In the most extreme version of bucket sort you don't sort values from the input, but rather count how many times each of the values appears in the input array. Then you just output each of the values as many times as it has appeared on input.

This is the C# implementation which sorts randomly generated million numbers in a blink of an eye. Though needs dozen of seconds to put them in file then.

using System;

namespace BucketSort
{
    class Program
    {
        static void Main(string[] args)
        {

            int maxValue = 1000000;
            int inputValuesCount = 1000000;
            int[] sortedCount = new int[maxValue + 1];
            int[] input = new int[inputValuesCount];

            Random rnd = new Random();
            for (int i = 0; i < inputValuesCount; i++)
                input[i] = rnd.Next(maxValue + 1);

            // Now comes the bucket sort
            for (int i = 0; i < input.Length; i++)
                sortedCount[input[i]]++;

            // Now comes the printing out
            for (int i = 0; i < sortedCount.Length; i++)
                for (int j = 0; j < sortedCount[i]; j++)
                    Console.WriteLine(i);

        }
    }
}
At the end, you should know that any comparison-based sorting algorithm (insert sort, quick sort, etc.) is bound to at least O(N logN) complexity, which is easily proved based on decision trees and Stirling's approximation of logarithm function (you can easily find this proof on Google I suppose). So technically, this conclusion stands firm for balanced trees and any other implementation which is based on comparing values.

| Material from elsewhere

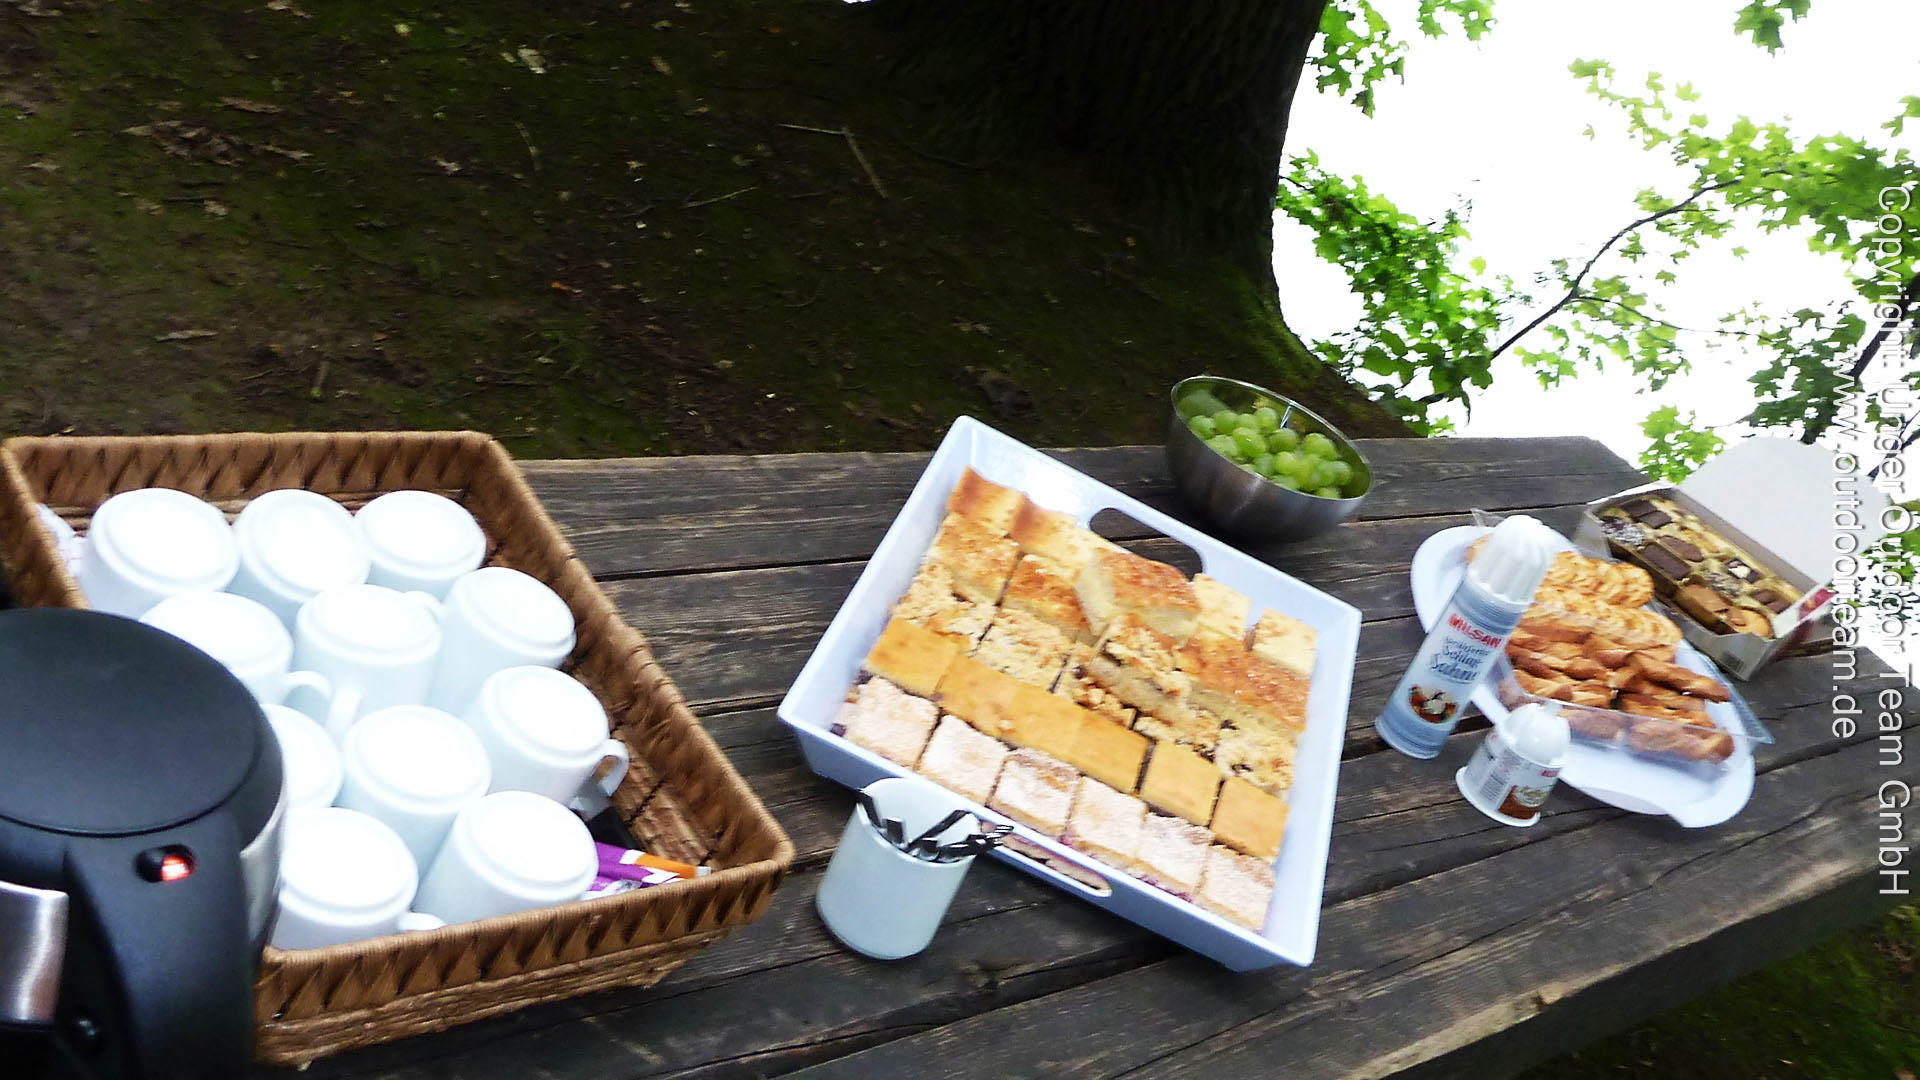 Kaffee-Kuchen-Nachmittags-Schlauchboottour. Es gibt Kuchen, Apfelstrudel und süßes Gebäck

So to run under O(N logN) you must do something that is not comparison based. Bucket sort is one of solutions.

And one curiosity for the end. Bucket sort and Radix sort were devised many years before personal computers. These algorithms had to be devised because processing machines were quite rudimentary in their structure and had to perform on extremely efficient algorithms in order to do anything in their domain.